The Prime Minister and Education Secretary Nicky Morgan have announced a “root and branch review” of children’s residential care, to help put an end to a life of disadvantage for some of the most vulnerable children in care.
The independent review – led by the former Head of the Prison and Probation Services in England and Wales and CEO of children’s charity Barnardo’s, Sir Martin Narey – will look at which children should be in residential care, how it can be improved and how government can achieve the very best for every single child in their care.
Announcing the review at Prime Minister’s questions, David Cameron said:
“We need to make sure that our residential care homes are doing the best possible job they can.
“That is why I can announce that I have asked the former Chief Executive of Barnardo’s, Sir Martin Narey, to conduct an independent review of children’s residential care, reporting to the Education Secretary and myself, so we can take every possible step to make sure these children get the best start in life.”
Secretary of State for Education, Nicky Morgan, said:
“I am crystal clear that only the very best should be acceptable for children and young people in care.
“I want to shine a spotlight on what works, identify barriers to success – and end those practices that are holding these children back from a life full of opportunity.
“It is our moral duty to create a care system where all children have access to high-quality care that meets their specific needs. I am confident that Sir Martin’s review will help make this ambition a reality.”
Sir Martin’s review into residential care homes will look at the role of children’s homes within the care system, as well as exploring when and for which children homes should be used.

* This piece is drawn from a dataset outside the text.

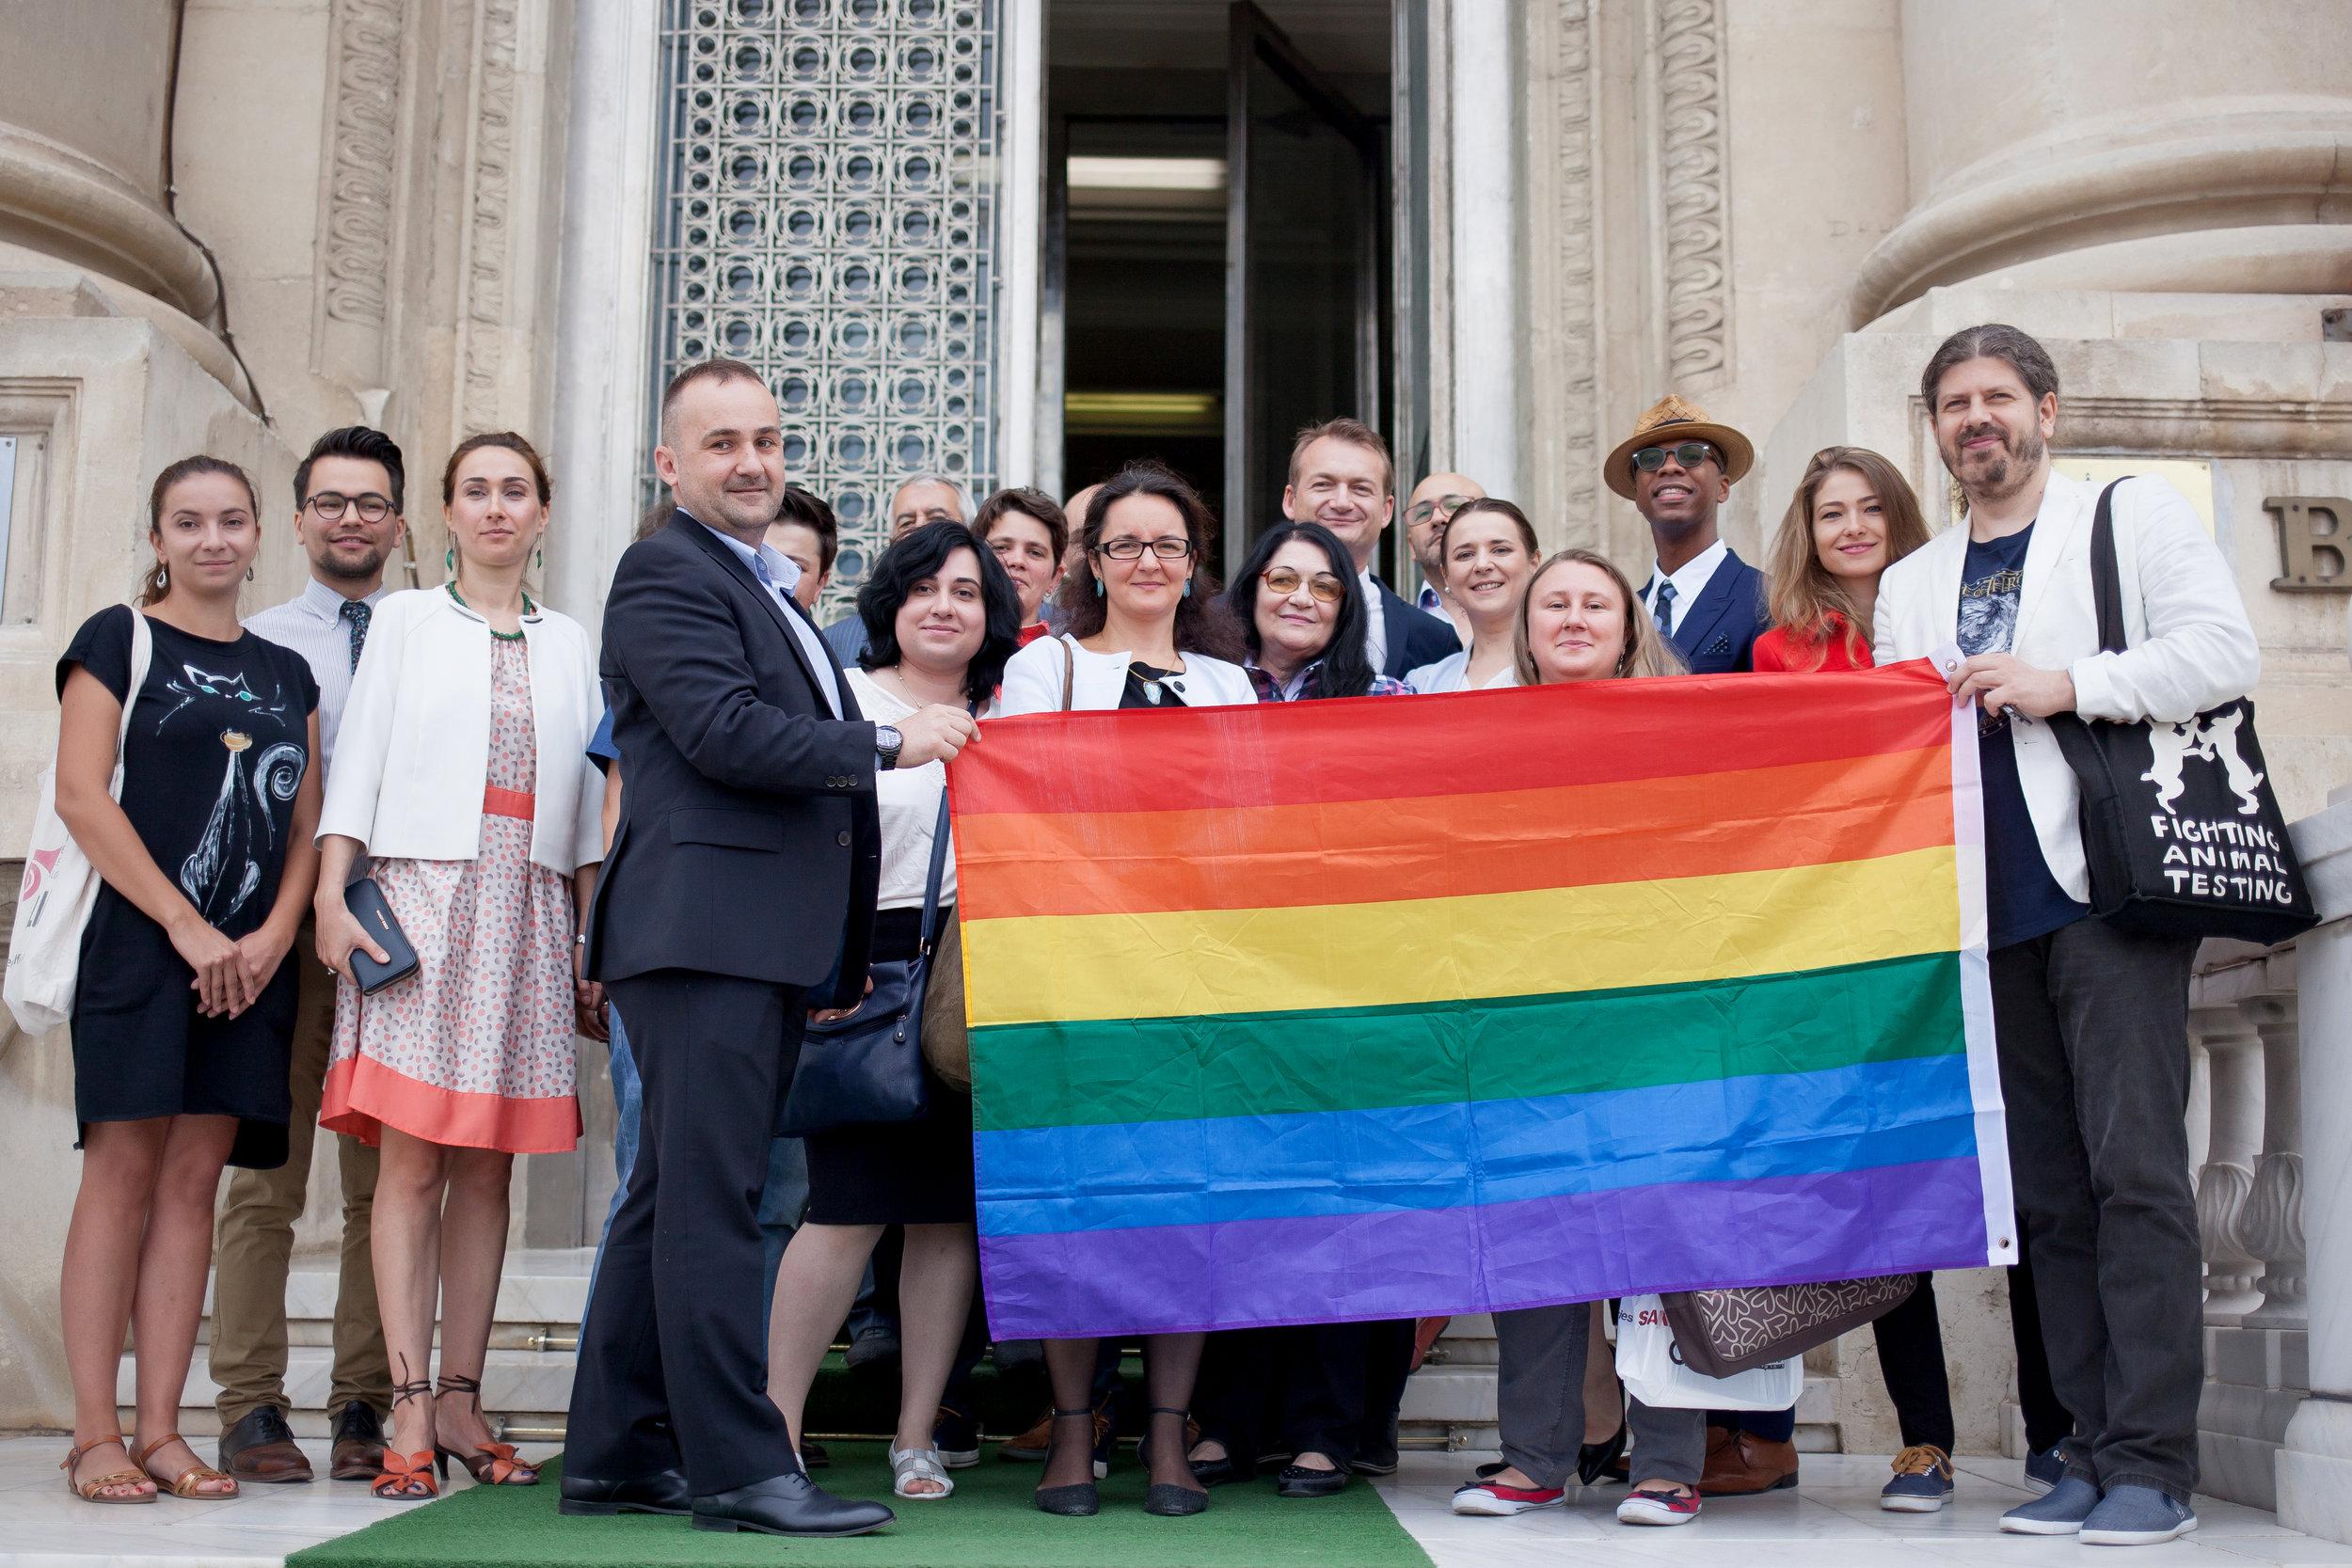 adrian-coman-clai-hamilton-gay-spousal-marriage-equality-rights-romania-european-union-bro-bear-blog-4.jpg

The review will also investigate what works within residential care – and how to improve outcomes for the young people who live in them, as well as what improvements could be made to the way that residential care homes are commissioned, delivered, regulated and inspected.
There are currently over 8,000 children and young people in children’s homes up and down the country, with councils spending over £1 billion a year.
However, research shows that these children are less likely to do well at school, are more likely to be absent or excluded, and are more likely to take part in risky behaviour than their classmates – in part, because of the past neglect and abuse they have suffered.
Sir Martin said:
“I am delighted to accept this commission. Some of the best social work I’ve seen has taken place in residential homes, carried out by some outstanding staff.
“And yet there are doubts about whether we use residential care for the right children – and frequent disquiet about children’s transitions to adulthood.
“I am anxious to hear from staff, children, care leavers and those with experience of this sector.”
Since leaving Barnardo’s in 2011, Sir Martin has advised the government on its adoption reforms and other child care matters, including the reform of social work education.